There is mixed support in the medical literature on antioxidant supplementation. You may have heard that treatment with beta-carotene, vitamin A and vitamin E may increase mortality. For reasons we that have not been fully discovered whole foods appear to be more effective than supplements in meeting nutrient requirements.
Foods high in antioxidants (lower oxidative stress and inflammation) include leafy greens and berries, but there is more to the story. Red meat and organ meats are also rich in antioxidants that are not found in significant amounts in plant sources.
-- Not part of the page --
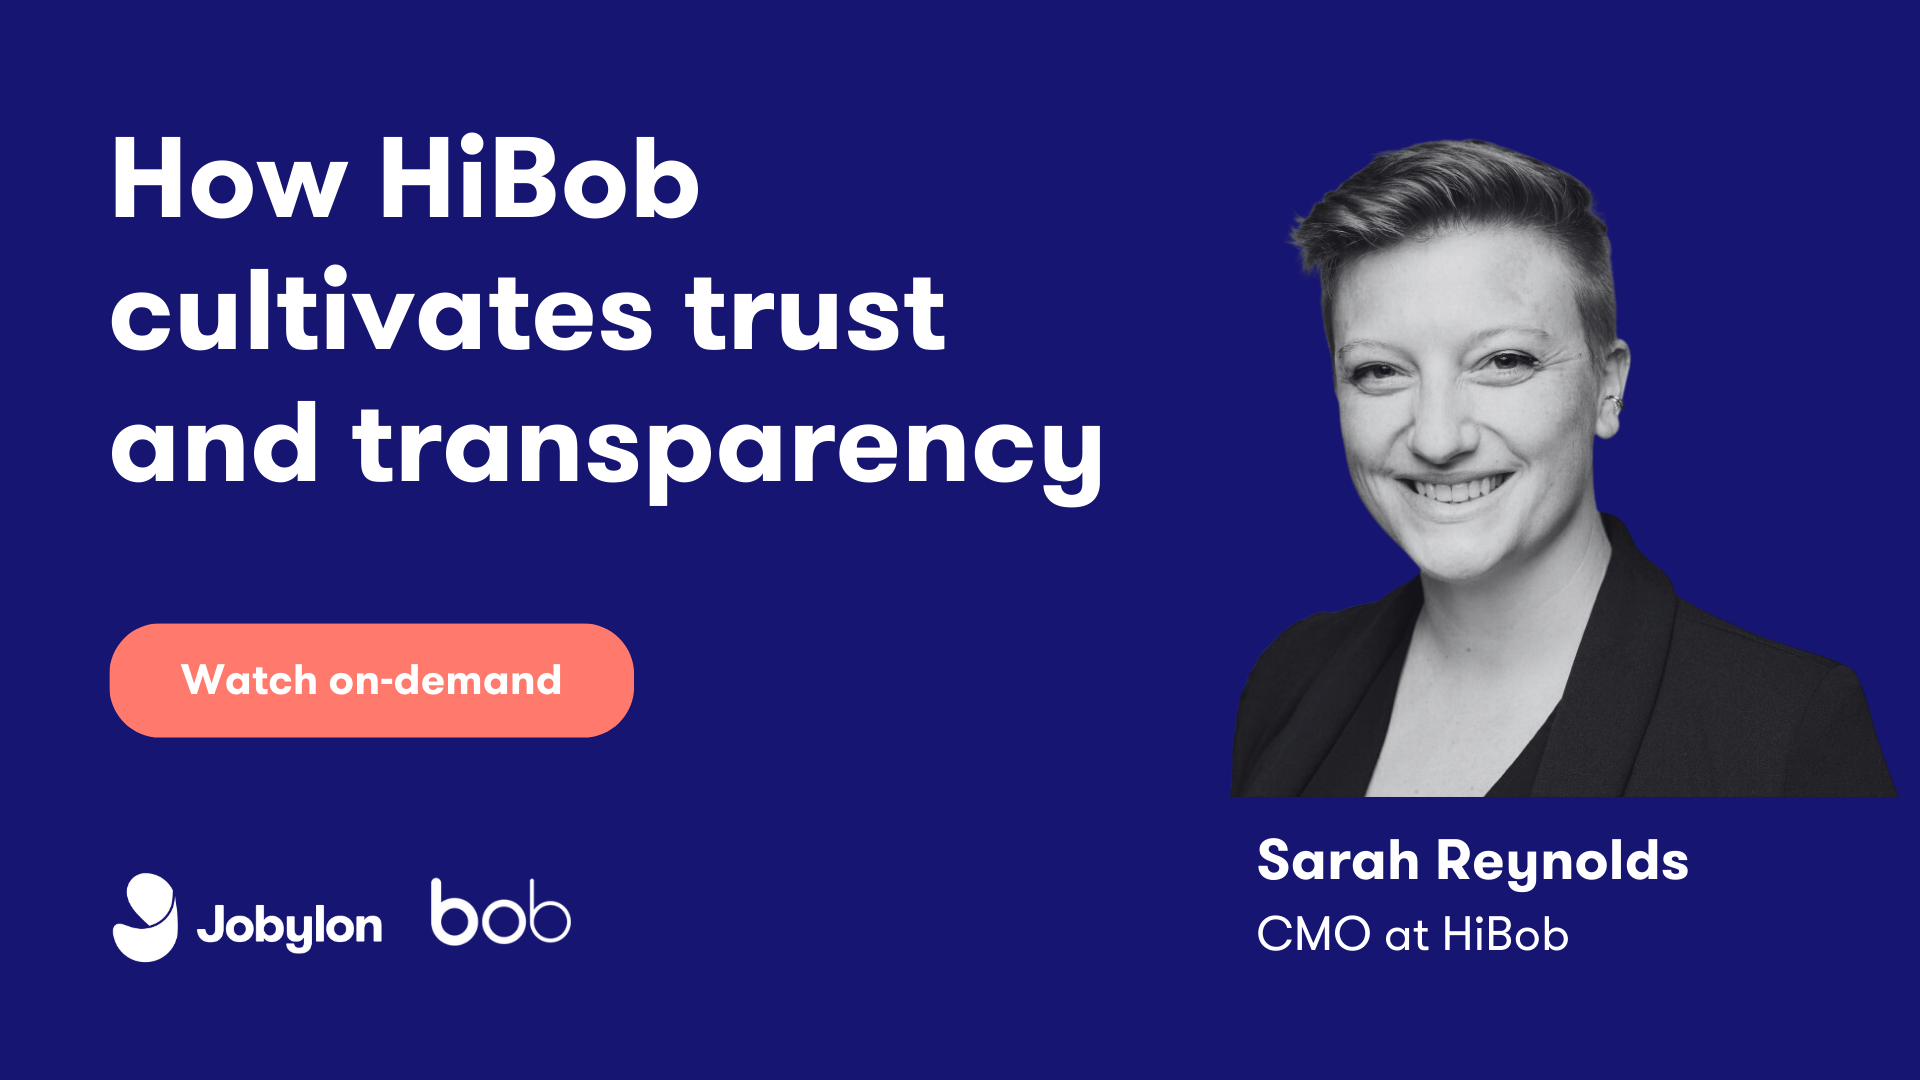 How HiBob cultivates trust and transparency

I don’t want to go any deeper into the nutritional weeds. Remember there is no one-size fits all approach. Ultimately, a heart healthy diet requires some attention. It starts by eliminating processed foods and switching to nutrient dense whole foods. There should be an emphasis on cold-water fatty fish and shellfish, healthy fats, antioxidants rich foods, polyphenol-rich foods, soluble fiber, nuts, fermented foods and occasional alcohol. If you decide to supplement be selective. For example, it’s better to take folate then the synthetic folic acid. Much of folic acid is never converted to folate.
Back to the stool analogy
Earlier I broke the stool seat into 3 parts, diet, weight management, and exercise. For most people combining diet and exercise will help you reclaim a healthy weight. The evidence is pretty straightforward and suggests that regular moderate exercise prevents the build up of arterial plaque, improves lipids and reduces vascular symptoms in people with heart disease. Exercise is a great way to reduce stress, and you may have heard me cite stats on the interplay of stress and risk of cardiovascular disease. I’m not proposing everyone flock to the nearest HIIT gym or LA fitness. Make small changes based on your current activity level and attempt to log 10,000 steps a day.